O projeto de lei que exige a adoção de medidas de economia de energia elétrica e água na administração pública federal (PL 3.603/2021) está na pauta da Comissão de Meio Ambiente (CMA) do Senado, que tem reunião marcada para esta quarta-feira (23), às 8h30. Segundo o projeto, a ocupação e o funcionamento de órgãos e entidades da União em edificações novas ou em construção seriam condicionados à obtenção de uma certificação e à adoção de medidas para uso racional de água e energia elétrica.
A proposta é de autoria do senador Veneziano Vital do Rêgo (MDB-PB). A matéria já recebeu relatório favorável de seu relator, senador Jaques Wagner (PT-BA), que é o presidente da CMA.
O texto estipula prazo de dois anos para órgãos, autarquias, empresas públicas, sociedades de economia mista e fundações da administração pública federal se adequarem às novas disposições, por meio de certificação ambiental, desde que haja viabilidade técnica e econômica.
Também elenca um conjunto de medidas a serem adotadas pela administração, como o uso de dispositivos hidráulicos economizadores de água, a realização de programas de vistoria periódica para manutenção e a implementação de planos de logística sustentável e de educação ambiental. No que se refere à energia elétrica, algumas das medidas a serem exigidas são: avaliação da eficiência energética de equipamentos, substituição por produtos com maior eficiência energética, metas de redução do consumo de energia e utilização de fontes de energia renovável.
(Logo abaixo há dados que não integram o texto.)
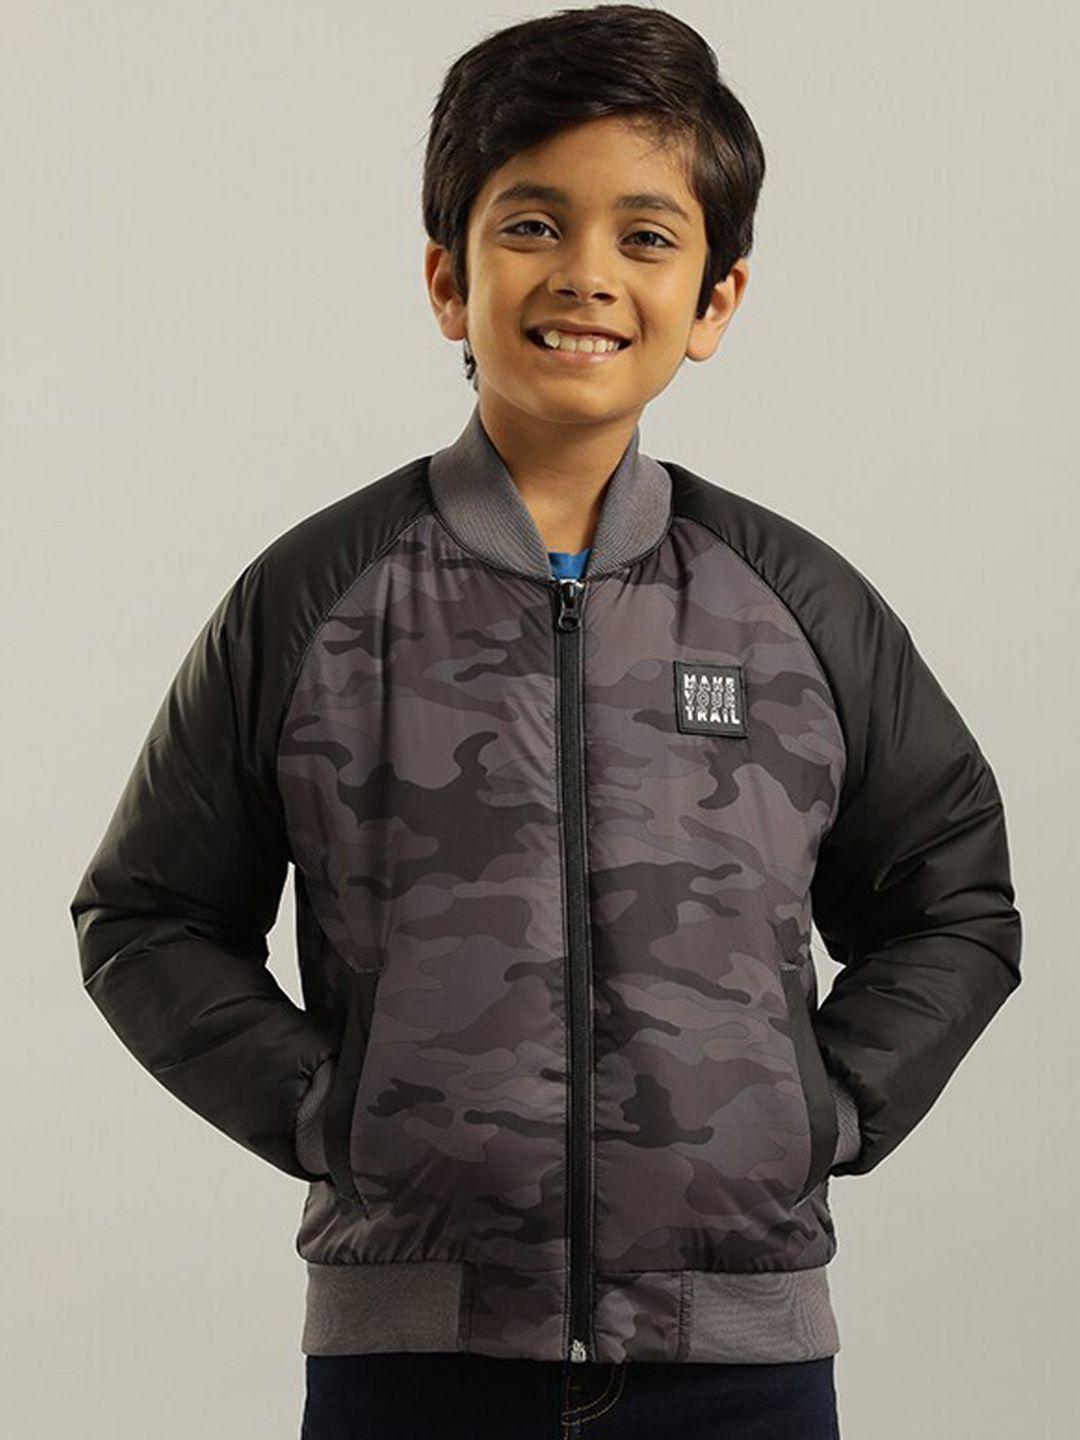 indian terrain boys black lightweight long sleeves outdoor fashion jacket

A matéria estava prevista para ser votada na semana passada, mas foi retirada de pauta a pedido do governo federal. Jaques Wagner disse que foi procurado "de última hora" pela liderança do governo, que "pediu para dialogar sobre alguns temas", sobretudo o prazo de adequação de dois anos previsto no projeto.
Se for aprovada na CMA, a proposta seguirá para análise na Comissão de Transparência, Governança, Fiscalização e Controle e Defesa do Consumidor (CTFC) do Senado, onde vai tramitar em decisão final.
Também está na pauta da CMA o projeto de lei que trata de regras para preservação da calha principal e do curso natural do rio Araguaia (PLS 248/2014). A proposta, de iniciativa da senadora Kátia Abreu (PP-TO), tramita em conjunto com outras duas matérias e já recebeu parecer favorável do senador Jayme Campos (DEM-MT).